Orang yang tidak berjama'ah sewaktu tegaknya Jama'tul-Muslimin,
maka secara otomatis ia terkena ancaman Rosulullah shallallaahu 'alaihi wa
sallamdalam beberapa haditsnya, karena ber-iltizam kepada Jama'tul
Muslimin pada waktu ini adalah wajib, Diantaranya :
مَنْ خَرَجَ عَنِ الطَّاعَةِ وَ
فَارَقَ الْجَمَاعَةَ فَمَاتَ مَاتَ مِيْتَةً جَاهِلِيَّةً { مسلم عن ابى هريرة }
Barangsiapa yang
keluar dari ketaatan dan memecah belah / meninggalkan Jama'ah (Muslimin)
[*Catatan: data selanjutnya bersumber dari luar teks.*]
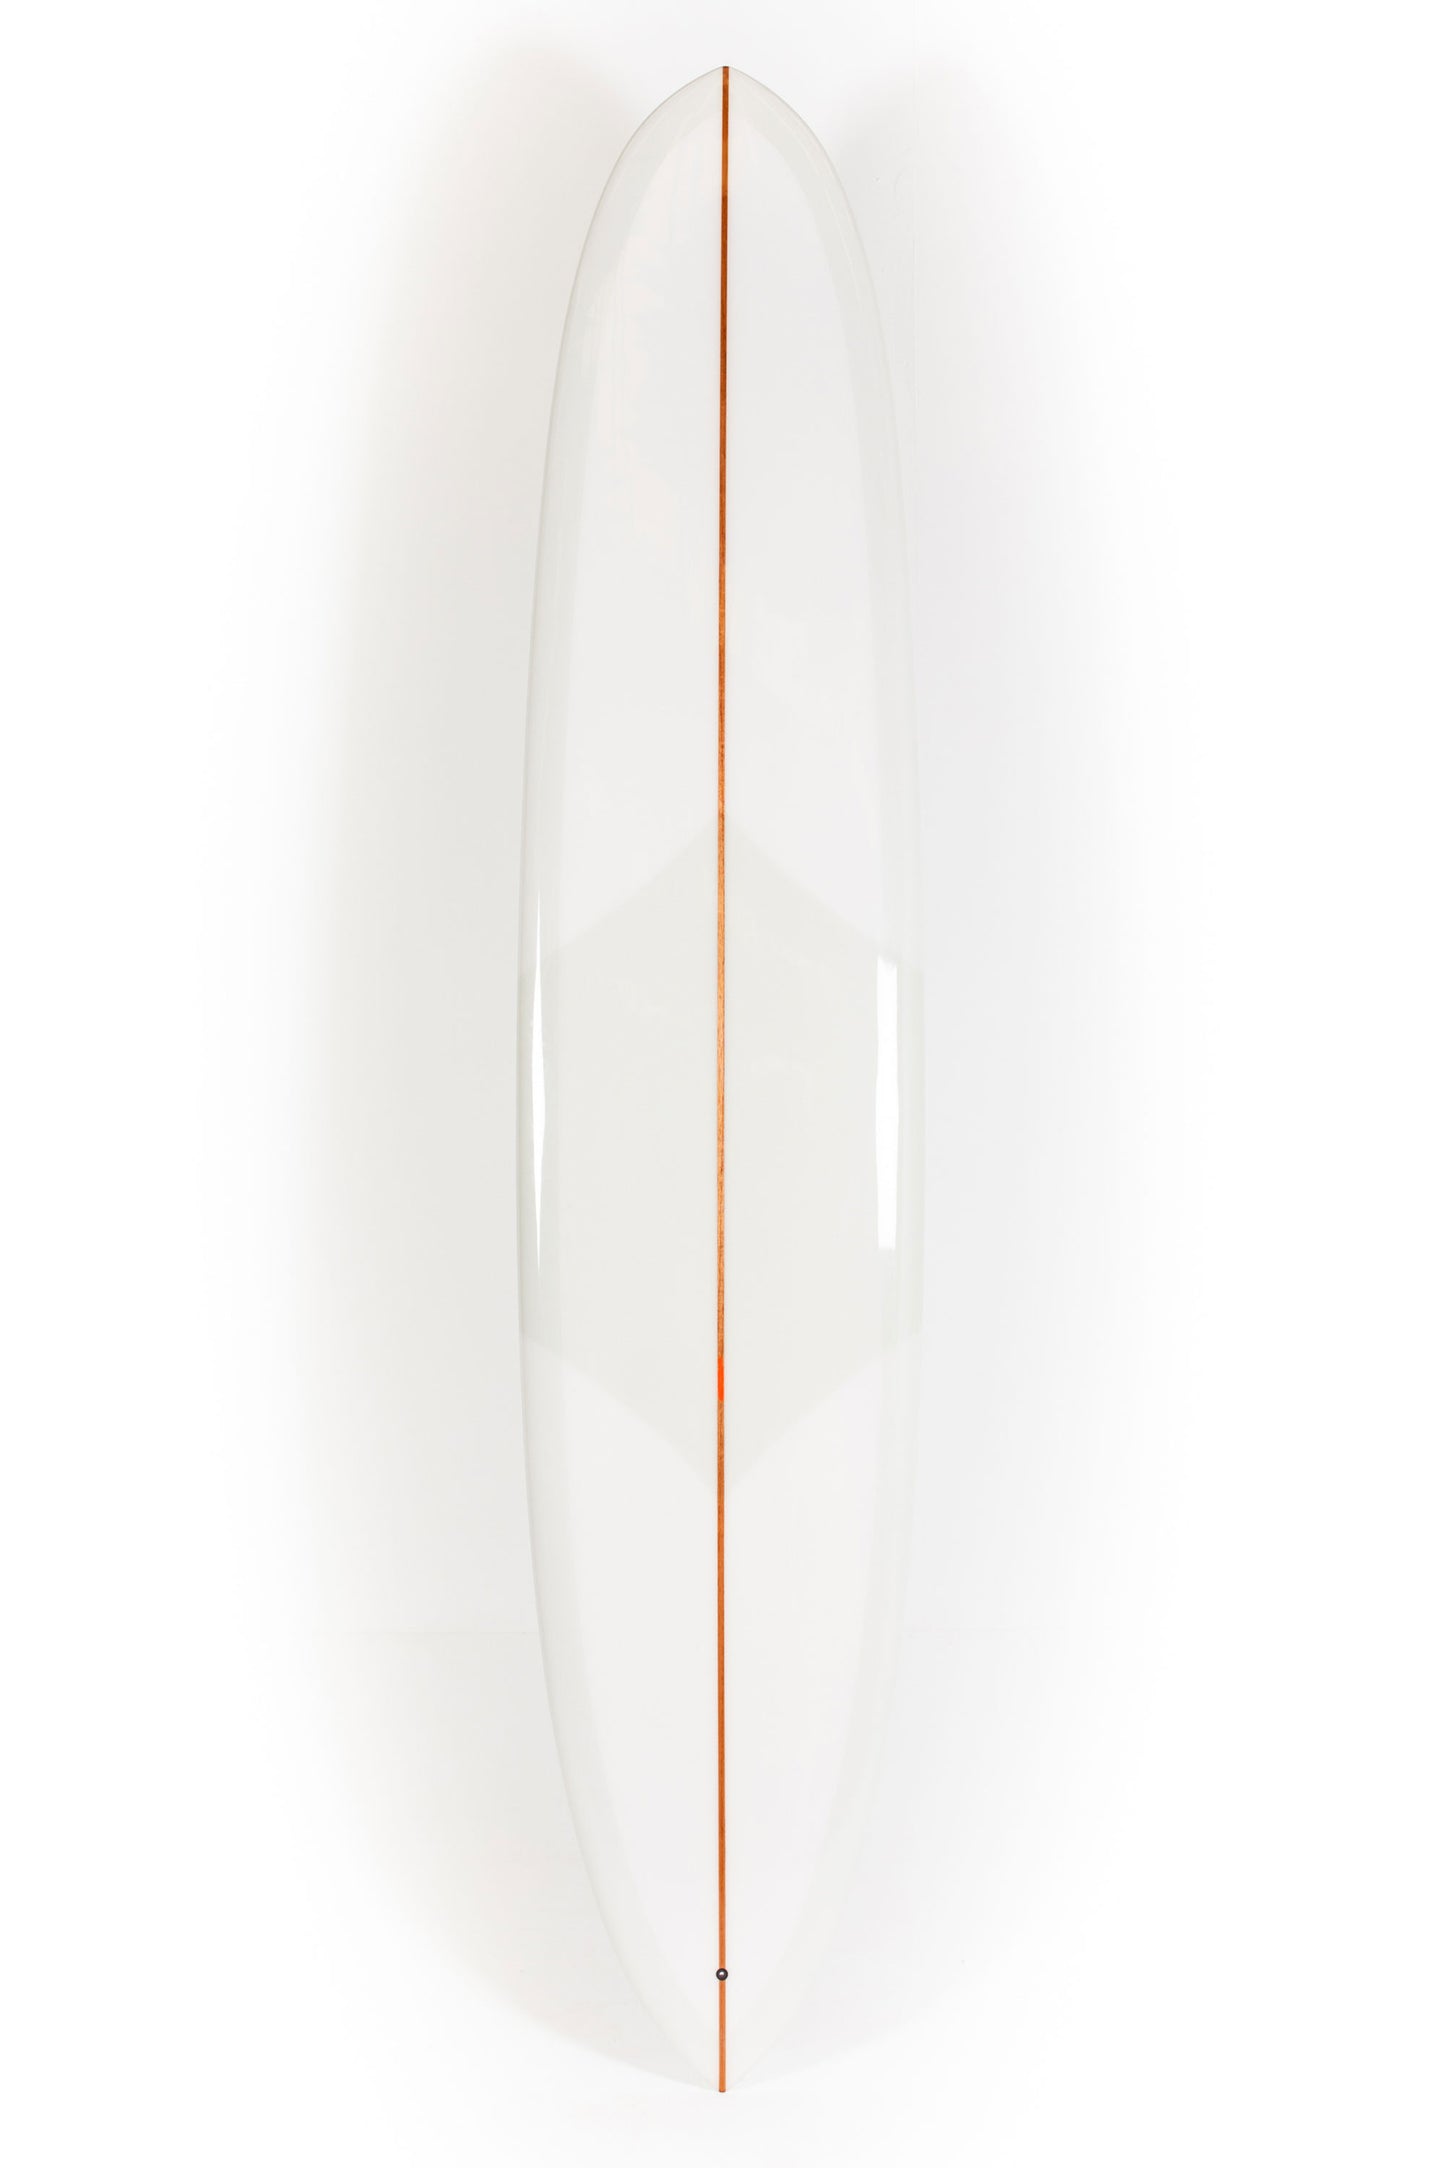 Pukas Surf Shop - Christenson Surfboard  - THE CLIFF PINTAIL by Chris Christenson - 9'6” x 23 1/4 x 2 7/8 - CX05339

kemudian mati, maka ia matinya seperti dalam keadaan Jahiliyyah ".
(Muslim)
فَاِنَّهُ مَنْ
رَأَى مِنْ اَمِيْرِهِ شَيْئًا يَكْرَهُهُ فَلْيَصْبِرْ عَلَيْهِ , فَإِنَّهُ
لَيْسَ اَحَدٌ مِنَ النَّاسِ خَرَجَ مِنَ السُّلْطَانِ شِبْرًا فَمَاتَ عَلَيْهِ اِلاَّ
مَاتَ مِيْتَةً جَاهِلِيَّةً { البخارى و مسلم عن ابن عباس }
Barangsiapa yang
mendapatkan pada diri amirnya sesuatu yang ia tidak senangi maka hendaknya ia
bersabar terhadapnya, karena sesungguhnya tidak ada seorangpun yang keluar dari
sulthon (penguasa / negara) sejengkal saja kemudian ia mati dalam keadaaan
demikian, maka ia tidak mati kecuali matinya seperti dalam keadaan Jahiliyyah
". (Bukhori Muslim dari Ibnu Abbas)
مَنْ اَتَاكُمْ وَ
اَمْرُكُمْ جَمِيْعٌ عَلَىرَجُلٍ وَاحِدٍ يُرِيْدُ اَن يَشُقَّ عَصَاكُمْ اَوْ
يُفَرِّقَ جَمَاعَتَكُمْ فَاقْتُلُوْهُ
Barangsiapa yang
mendatangi kalian dan ia mau memecah belah persatuan atau ia hendak
mencerai-beraikan jama'ah kalian sedang urusan kalian semua berada (kamu
serahkan) pada seorang (imam), maka bunuhlah ia ". (HR Muslim)[33][33]
Maksud dari "Mata
miitatan Jaahiliyyah" adalah perumpamaan ahlul jahiliyyah bahwa
mereka tidak memiliki Imam, bukan mati kafir.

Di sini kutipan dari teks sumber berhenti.